Set down, word for word, the line with "Stewardess_panty_cafe" and the lines after it through the final line of the data below, without pictures.

▶ _Information provided_:
↓

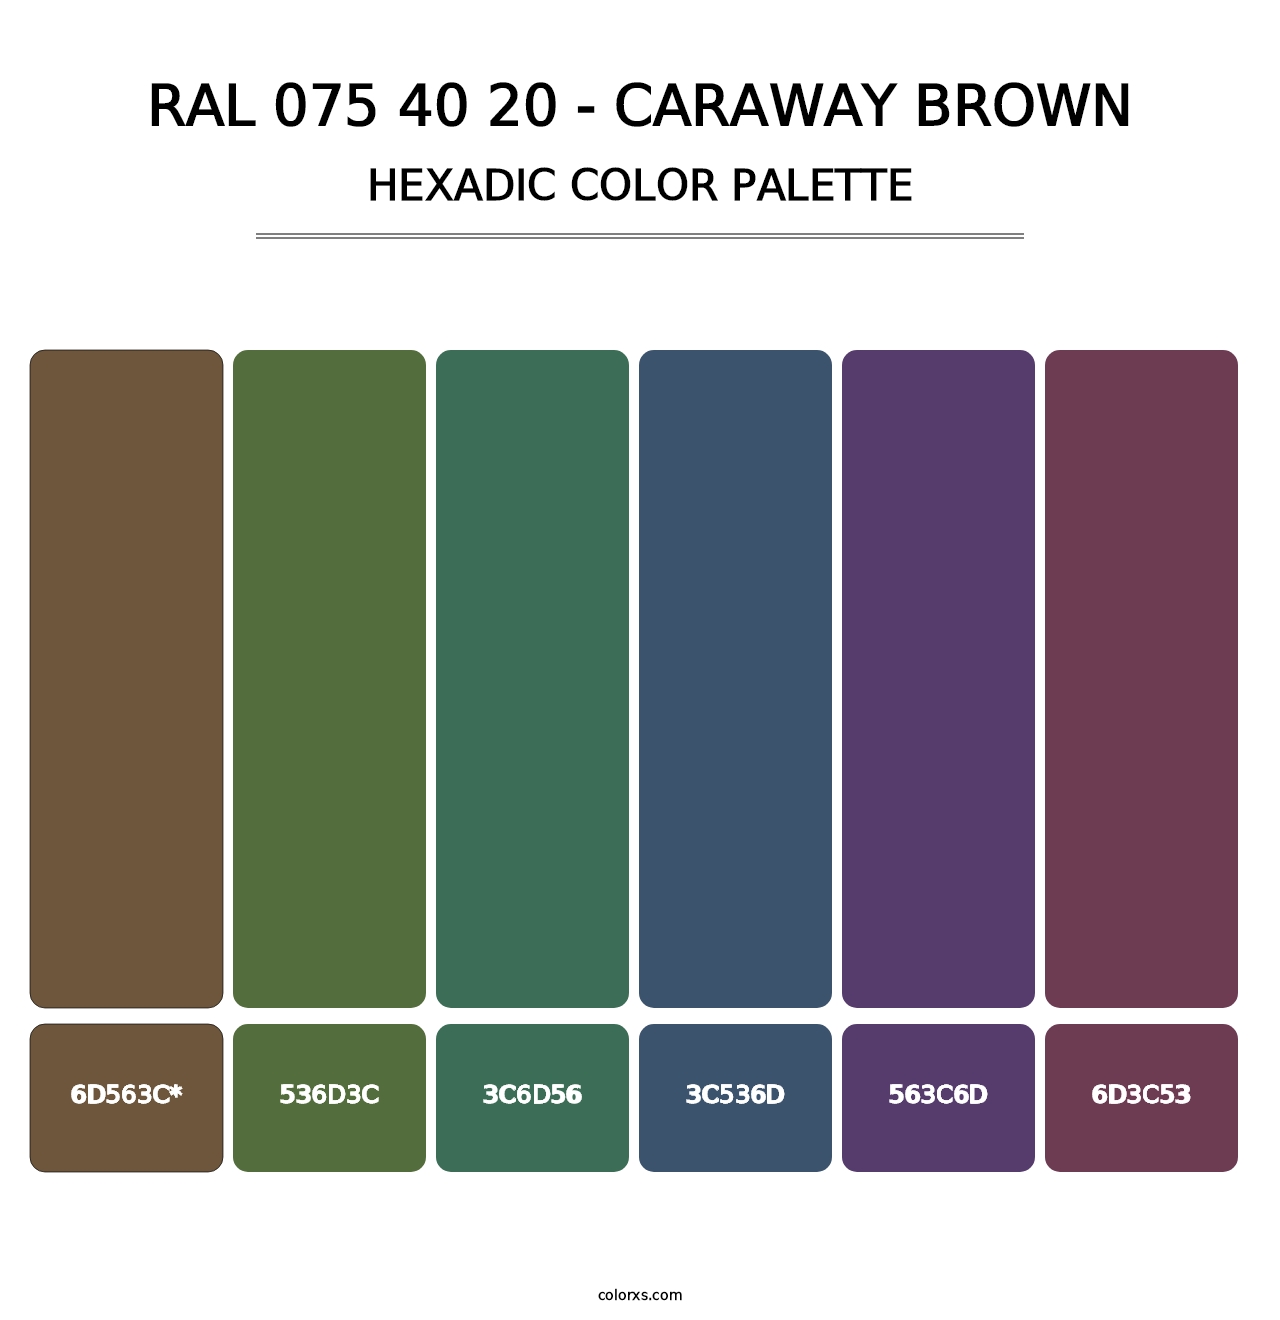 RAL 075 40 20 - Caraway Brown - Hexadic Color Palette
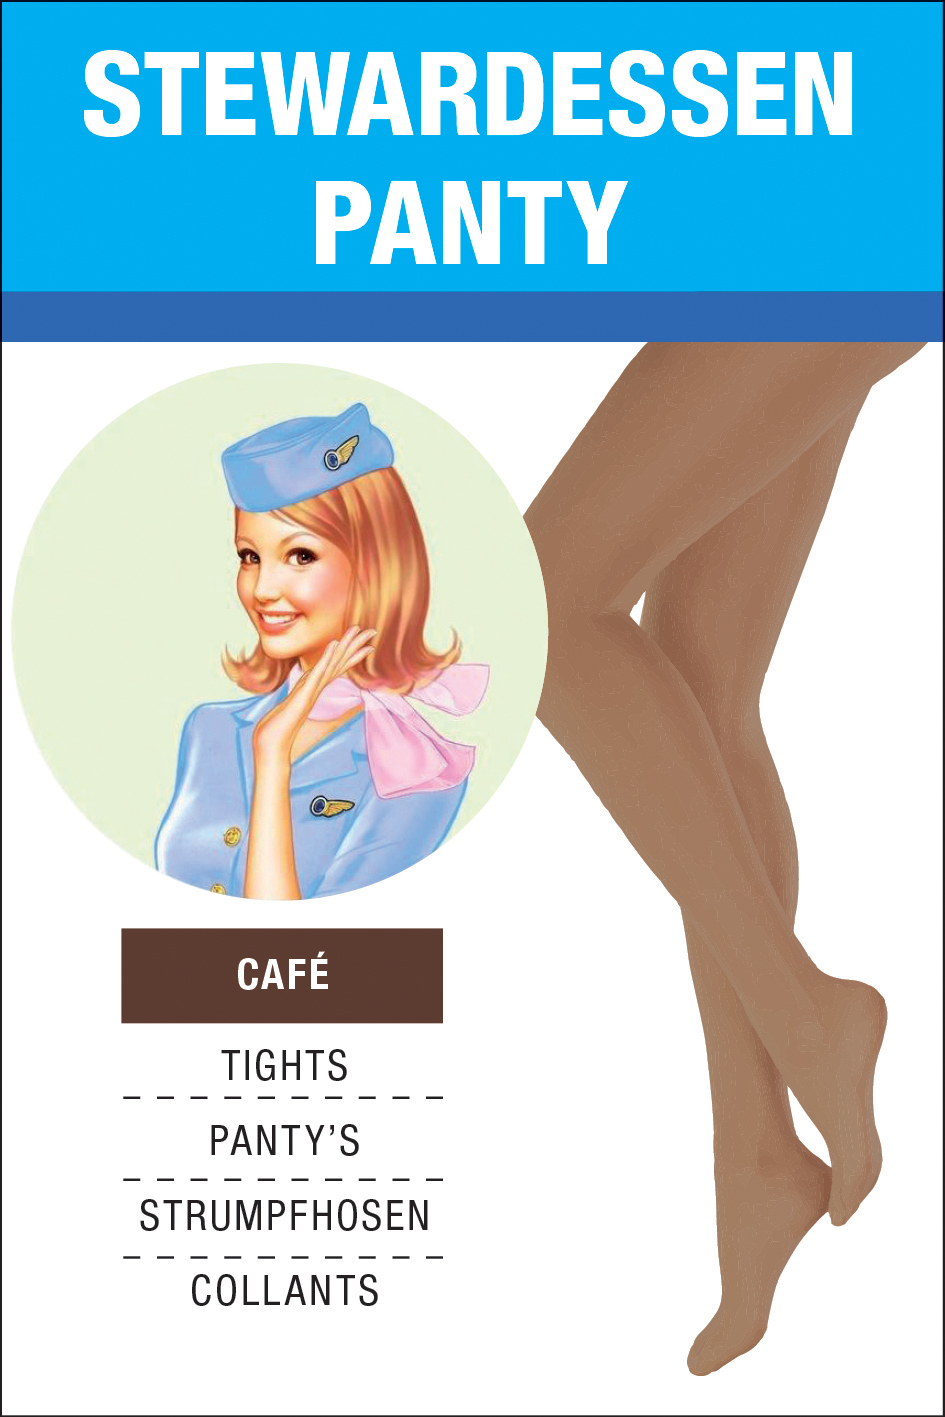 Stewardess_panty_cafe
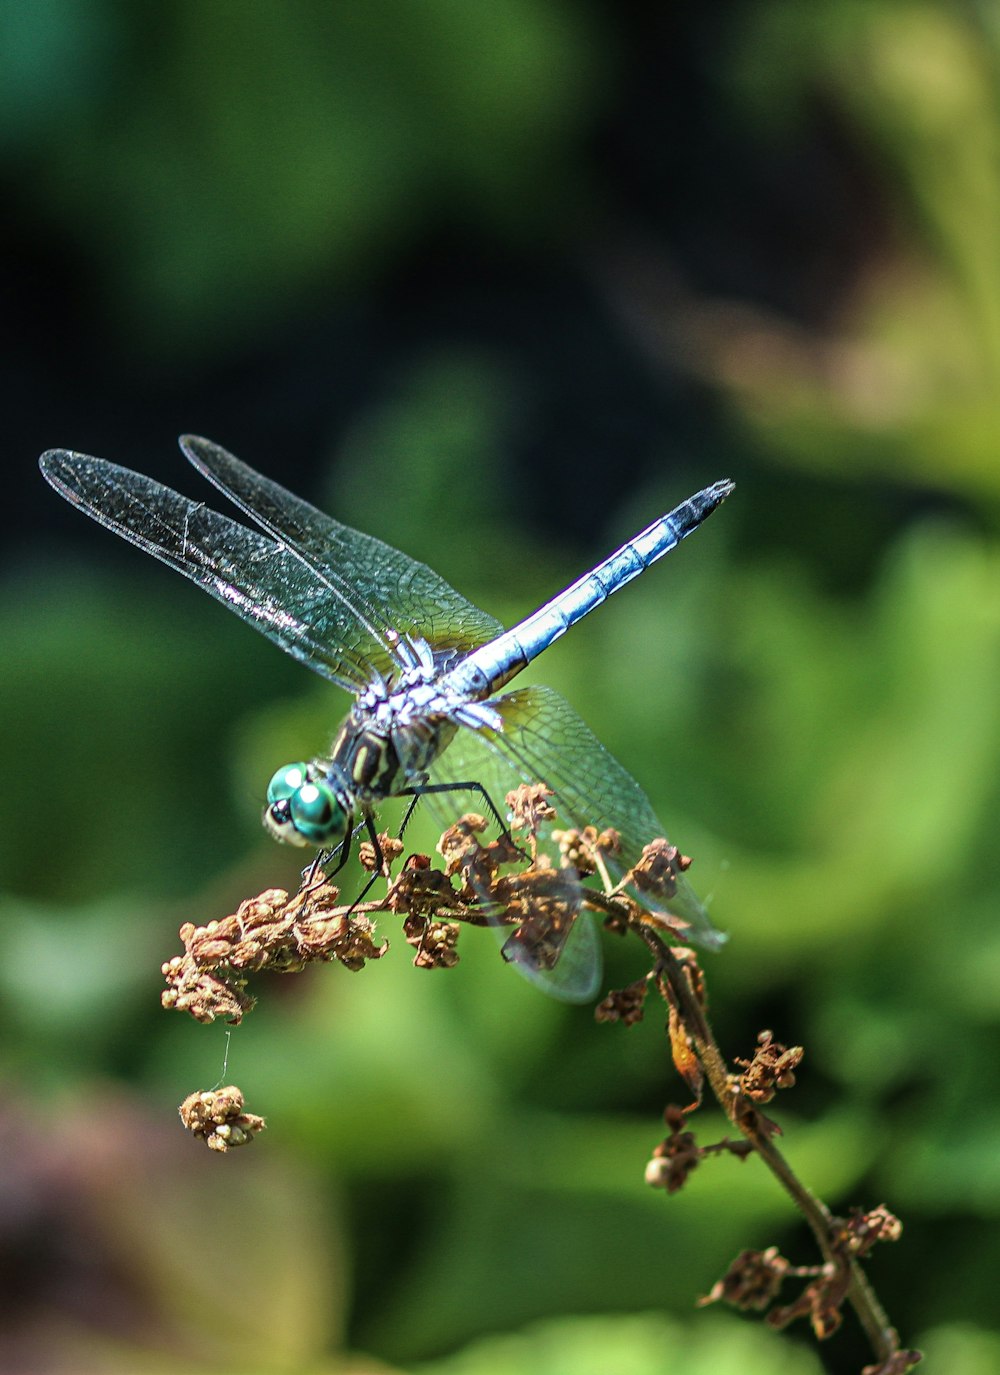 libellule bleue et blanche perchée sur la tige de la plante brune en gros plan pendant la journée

↑

▶ _Final answer_:
 Stewardess_panty_cafe
 libellule bleue et blanche perchée sur la tige de la plante brune en gros plan pendant la journée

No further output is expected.